Jangan Menilai Buku Dari Sampulnya: Cerita Tentang Memahami Lebih Dalam

Posted on

Kadang kita terlalu cepat menilai sesuatu hanya dari apa yang terlihat di luar, tanpa tahu cerita yang tersembunyi di baliknya. Sama halnya dengan orang, dengan kehidupan, atau bahkan dengan lukisan yang mungkin kita anggap biasa saja.

Tapi, siapa sangka, di balik setiap goresan, ada kisah yang jauh lebih dalam dari apa yang bisa kita pahami dalam sekejap. Cerpen ini bakal bikin kamu mikir dua kali sebelum ngambil kesimpulan tentang sesuatu. Jangan cuma lihat dari sampulnya, coba buka halaman-halamannya dulu.

 

Jangan Menilai Buku Dari Sampulnya

Kanvas Abu-Abu

Sore itu, angin berhembus pelan di antara gedung-gedung tua yang menampakkan usia mereka lewat dinding yang sedikit lapuk dan jendela yang terkadang berderit jika tersentuh angin. Kota ini tak pernah lepas dari hiruk-pikuknya. Di sini, seni bisa didapatkan hanya dengan menggelontorkan sejumlah uang yang tak sedikit, atau bisa juga ditemukan di tempat-tempat seperti ini, di sudut yang tersembunyi—di tempat yang tidak banyak orang perhatikan. Tempat yang tak terjamah oleh mata orang-orang yang terbiasa dengan kemewahan.

Aku memasuki ruang itu dengan langkah penuh keyakinan. Memasuki sebuah galeri seni yang konon disebut-sebut sebagai tempat berkumpulnya para seniman berbakat. Namun, ketika mataku mulai menelusuri ruangan, aku merasakan ada sesuatu yang aneh. Ada bau cat, benar, tapi ini bukan aroma yang biasanya aku temui di galeri seni besar. Ini bau yang lebih sederhana, lebih mentah. Aku tak bisa menyembunyikan rasa skeptis di wajahku.

Di sudut ruangan, seorang pemuda sedang duduk membungkuk, tampak begitu terfokus pada kanvas besar yang terletak di depannya. Pakaiannya kusam, dan wajahnya dipenuhi bercak-bercak cat. Ada sesuatu yang aneh tentang cara dia melukis, seolah setiap gerakan tangannya berbicara lebih banyak daripada kata-kata.

Aku tak bisa menahan rasa penasaran yang terus menyelimuti pikiranku. Dia bukan tipe seniman yang aku lihat di galeri-galeri terkenal. Mungkin, dia hanya seorang pelukis jalanan yang mencoba peruntungan.
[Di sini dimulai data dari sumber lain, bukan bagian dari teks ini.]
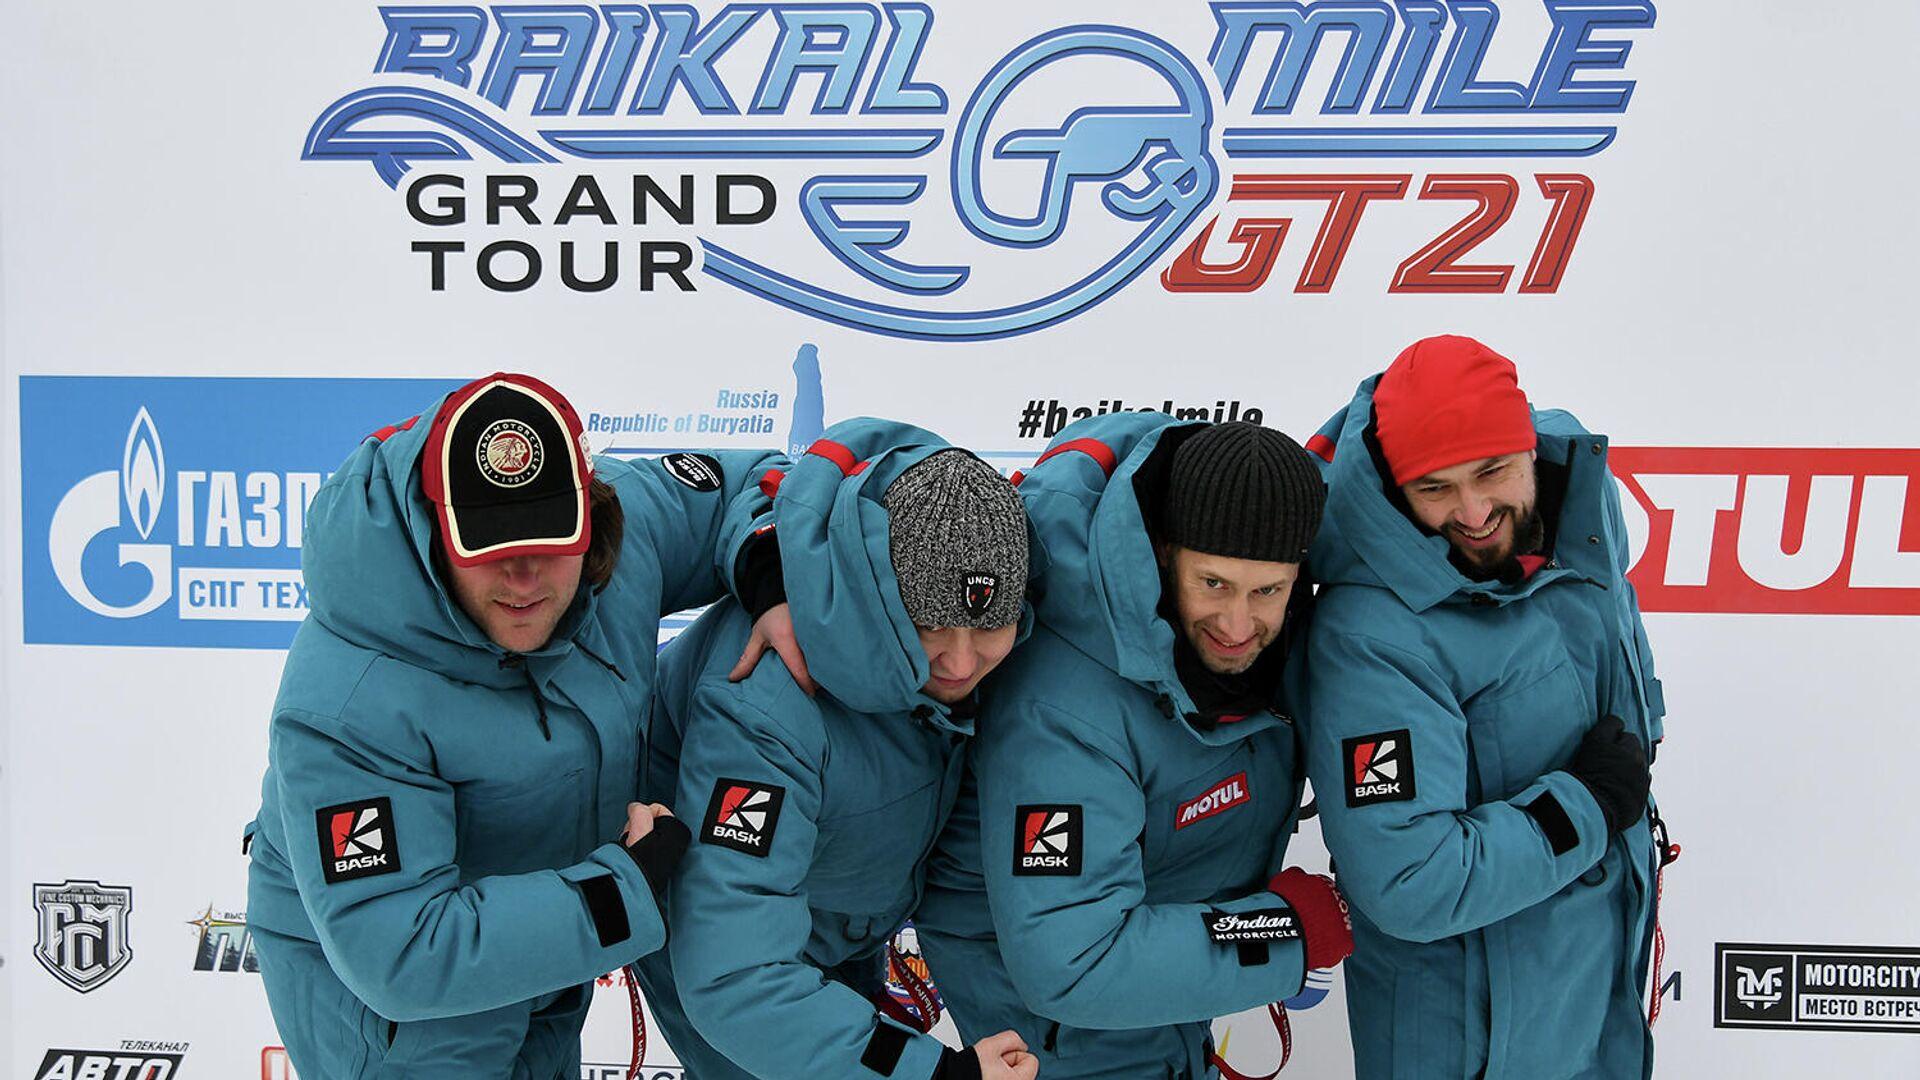 Участники гранд-тура Байкальская миля - РИА Новости, 1920, 20.02.2021

“Lihat itu, kamu lihat?” suara wanita di sampingku menginterupsi pikiranku. Aku menoleh dan melihat seorang teman yang mengenakan gaun merah yang terlalu mencolok di sini. “Pakaian dia saja sudah terlihat seperti sisa barang dari pasar loak. Apa yang bisa dia buat?”
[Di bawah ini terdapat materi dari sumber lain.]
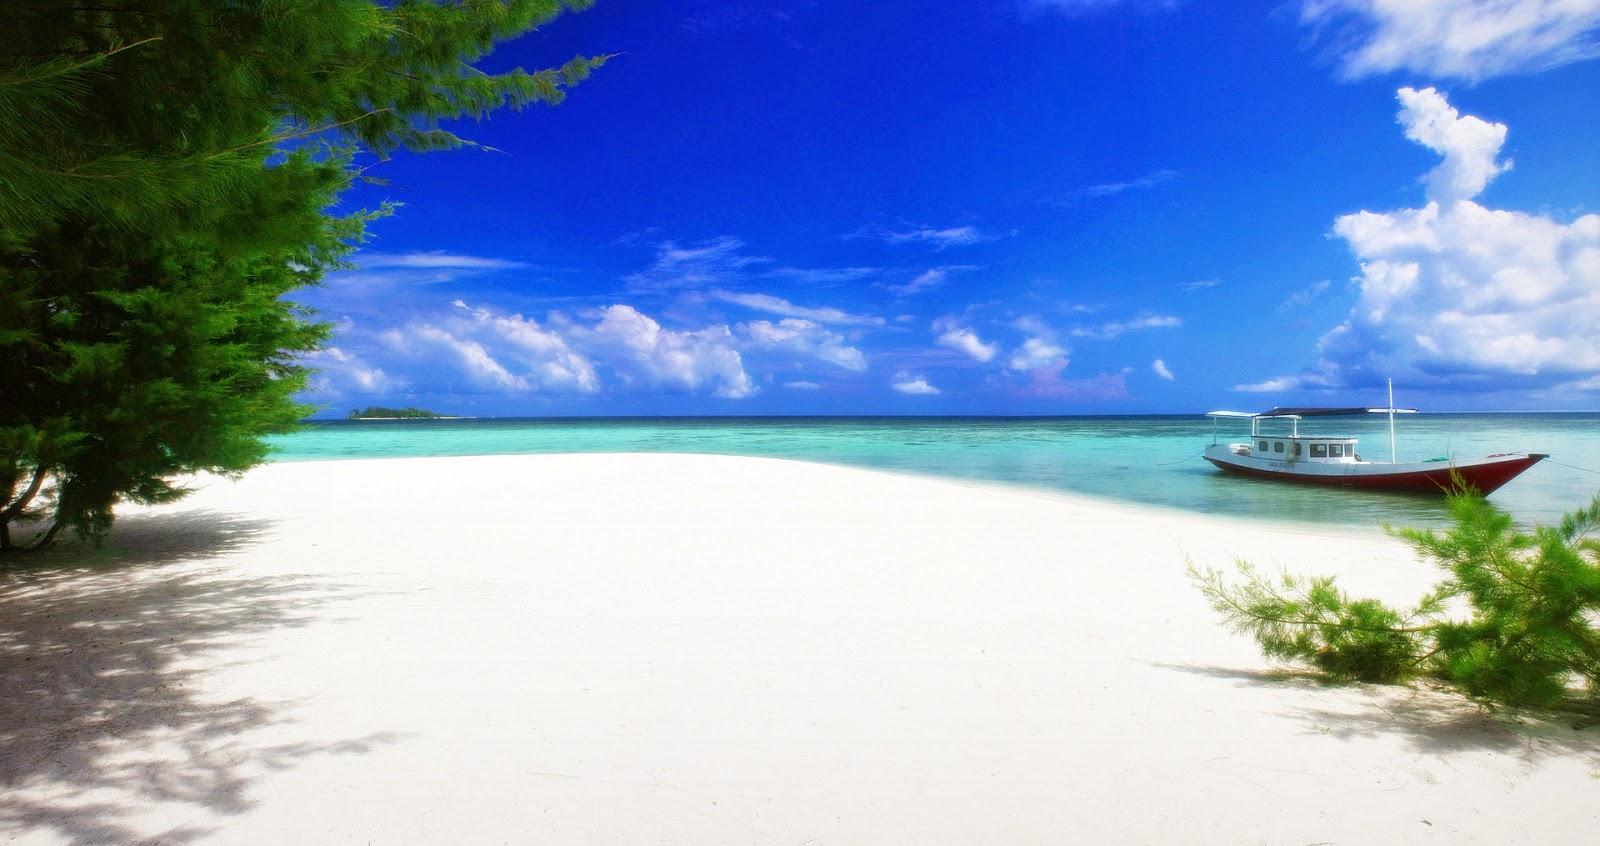 Pantai karimun Jawa, Jawa Tengah

Aku menoleh lagi ke pemuda itu, menilai. Mungkin mereka benar. Dia terlihat seperti orang yang tidak akan pernah bisa menghasilkan karya yang berharga. Aku menekan perasaan itu, merasa sedikit risih dengan sikap mereka yang jelas-jelas menilai dari penampilan. Tapi, hei, aku juga tidak bisa menyangkal bahwa aku sedikit penasaran.

Aku pun memberanikan diri untuk mendekati pemuda itu. Langkah kakiku hampir tak terdengar, namun dia menyadari kehadiranku dan menoleh. Matanya sejenak bertemu mataku, lalu kembali ke kanvasnya. Tidak ada rasa gugup dalam dirinya, hanya ketenangan yang aneh.

“Permisi, apakah kamu menerima komisi untuk lukisan pribadi?” tanyaku dengan nada penuh rasa ingin tahu, walaupun sejujurnya aku tidak yakin dengan jawabannya.

Dia menatapku, agak terkejut, lalu mengangguk. “Tentu, apa yang ingin kamu saya lukis?”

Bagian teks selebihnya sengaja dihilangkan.